Joe el Indio fue enterrado cerca de la boca de la cueva; la gente acudió al acto en botes y carros desde el pueblo y desde todos los caseríos y granjas de siete millas a la redonda; trajeron con ellos los chiquillos y toda suerte de provisiones de boca, y confesaban que lo habían pasado casi tan bien en el entierro como lo hubieran pasado viéndolo ahorcar.

Este entierro impidió que tomase mayores vuelos una cosa que estaba ya en marcha: la petición de indulto a favor de Joe el Indio al gobernador del Estado. La petición tenía ya numerosas firmas; se habían celebrado multitud de lacrimosos y elocuentes mítines y se había elegido un comité de mujeres sin seso para ver al gobernador, enlutadas y llorosas, a implorarle que se condujese como un asno benévolo y echase a un lado todos sus deberes. Se decía que Joe el Indio había matado a cinco habitantes de la localidad; pero ¿qué importaba eso? Si hubiera sido Satanás en persona no hubieran faltado gentes tiernas de corazón para poner sus firmas al pie de una solicitud de perdón y mojarla con una lágrima siempre pronta a escaparse del inseguro y agujereado depósito.

Al día siguiente del entierro, Tom se llevó a Huck a un lugar solitario para departir con él graves asuntos. Ya para entonces la viuda de Douglas y el galés habían informado a Huck de todo lo concerniente a la aventura de Tom; pero éste dijo que debía de haber una cosa de la cual no le habían dicho nada, y de ella precisamente quería hablarle ahora.

A Huck se le ensombreció el semblante.

— Ya sé lo que es —dijo—. Tú fuiste al número dos y no encontraste más que whisky. Nadie me ha dicho que fueras tú; pero yo me figuré que tú eras en cuanto oí hablar de los del whisky; y me figuré que no habías cogido el dinero, porque ya te hubieras puesto al habla conmigo de un modo o de otro, y me lo hubieras contado a mí aunque no se lo dijeses a nadie más. Ya me daba el corazón que nunca nos haríamos con aquel tesoro.

— No, Huck, no acusé yo al amo de la posada. Tú sabes que nada le había ocurrido cuando yo fui a la merienda. ¿No te acuerdas que tú ibas a estar allí de centinela aquella noche?

— ¡Es verdad! Parece que ya hace años de eso. Fue la noche en que fui siguiendo a Joe el Indio hasta la casa de la viuda.

— ¿La seguiste tú?

— Sí..., pero no hables de eso. Puede ser que Joe haya dejado amigos. No quiero que vengan contra mí y me jueguen malas partidas.
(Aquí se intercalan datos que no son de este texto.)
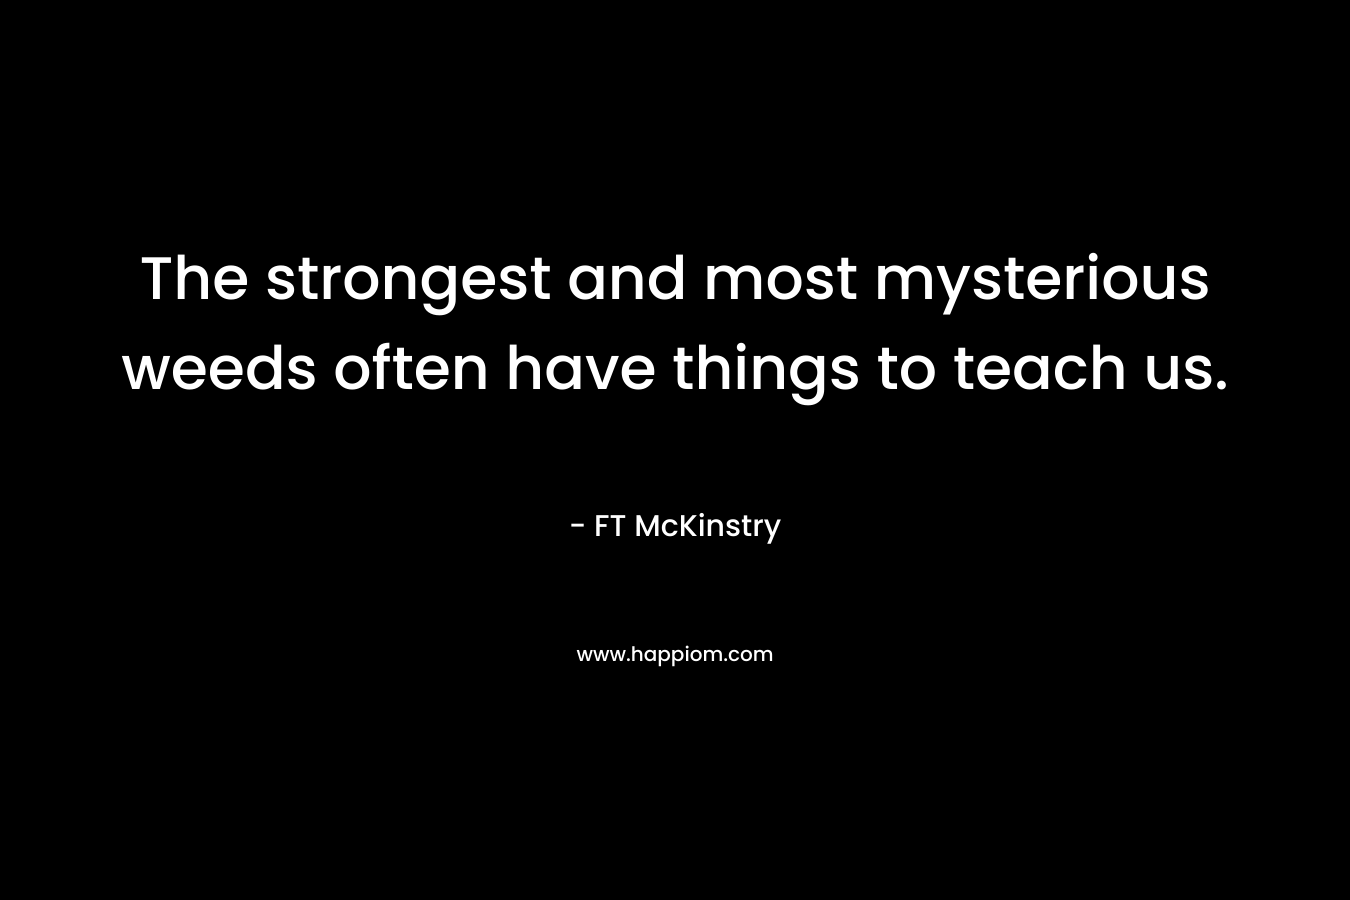 The strongest and most mysterious weeds often have things to teach us. – FT McKinstry

Si no hubiera sido por mí estaría a estas horas en Texas, tan fresco.

Entonces contó Huck, confidencialmente, todos los detalles de su aventura, pues el galés sólo le había contado a Tom una parte de ella.

— Bueno —dijo Huck después, volviendo al asunto principal—, quienquiera que cogió el whisky, echó mano también al dinero y, a lo que a mí me parece, ya no lo veremos nosotros, Tom.

— Huck, el dinero no estuvo nunca en el número dos.

— ¡Qué! —exclamó Huck examinando ansiosamente la cara de su compañero—. ¿Estás otra vez en la pista de esos cuartos?

— ¡Están en la cueva!

Los ojos de Huck resplandecieron.

— ¡Vuelve a decirlo, Tom!

— El dinero está en la cueva.

— Tom, ¡di la verdad! ¿Es en broma o en serio?

— En serio, Huck. En mi vida hablé más en serio. ¿Quieres venir a la cueva y ayudarme a sacarlo?

— ¡Ya lo creo! Cuando quieras, si está donde podamos llegar sin que nos perdamos.

— Hacerlo es lo más fácil del mundo.

— ¡Qué gusto! ¿Y qué te hace pensar que el dinero está allí?

— Espérate a que estemos allí, Huck. Si no lo encontramos me comprometo a darte mi tambor y todo lo que tengo en el mundo. Te lo juro.

— Muy bien. ¿Cuándo quieres que vayamos?

— Ahora mismo, si tú lo dices. ¿Tendrás bastantes fuerzas?

— ¿Está muy adentro de la cueva? Ya hace tres o cuatro días que me tengo de pie; pero no podré andar más de una milla, al menos me parece que podría andarla.

— Hay cinco millas hasta allí, por el camino que iría otro cualquiera que no fuera yo; pero hay un atajo que nadie sabe más que yo. Huck, yo te llevaré hasta allí en un bote. Voy a dejar que el bote baje con la corriente hasta cierto sitio, y luego lo traeré yo solo remando. No necesitas mover una mano.

— Vámonos en seguida, Tom.

— Está bien; necesitamos pan y algo de comida, las pipas, un par de saquitos, dos o tres cuerdas de cometas y algunas de esas cosas nuevas que llaman cerillas fosfóricas. ¡Cuántas veces las eché de menos cuando estuve allí la otra vez!

Un poco después de mediodía los muchachos tomaron en préstamo un pequeño bote, de un vecino que estaba ausente, y en seguida se pusieron en marcha.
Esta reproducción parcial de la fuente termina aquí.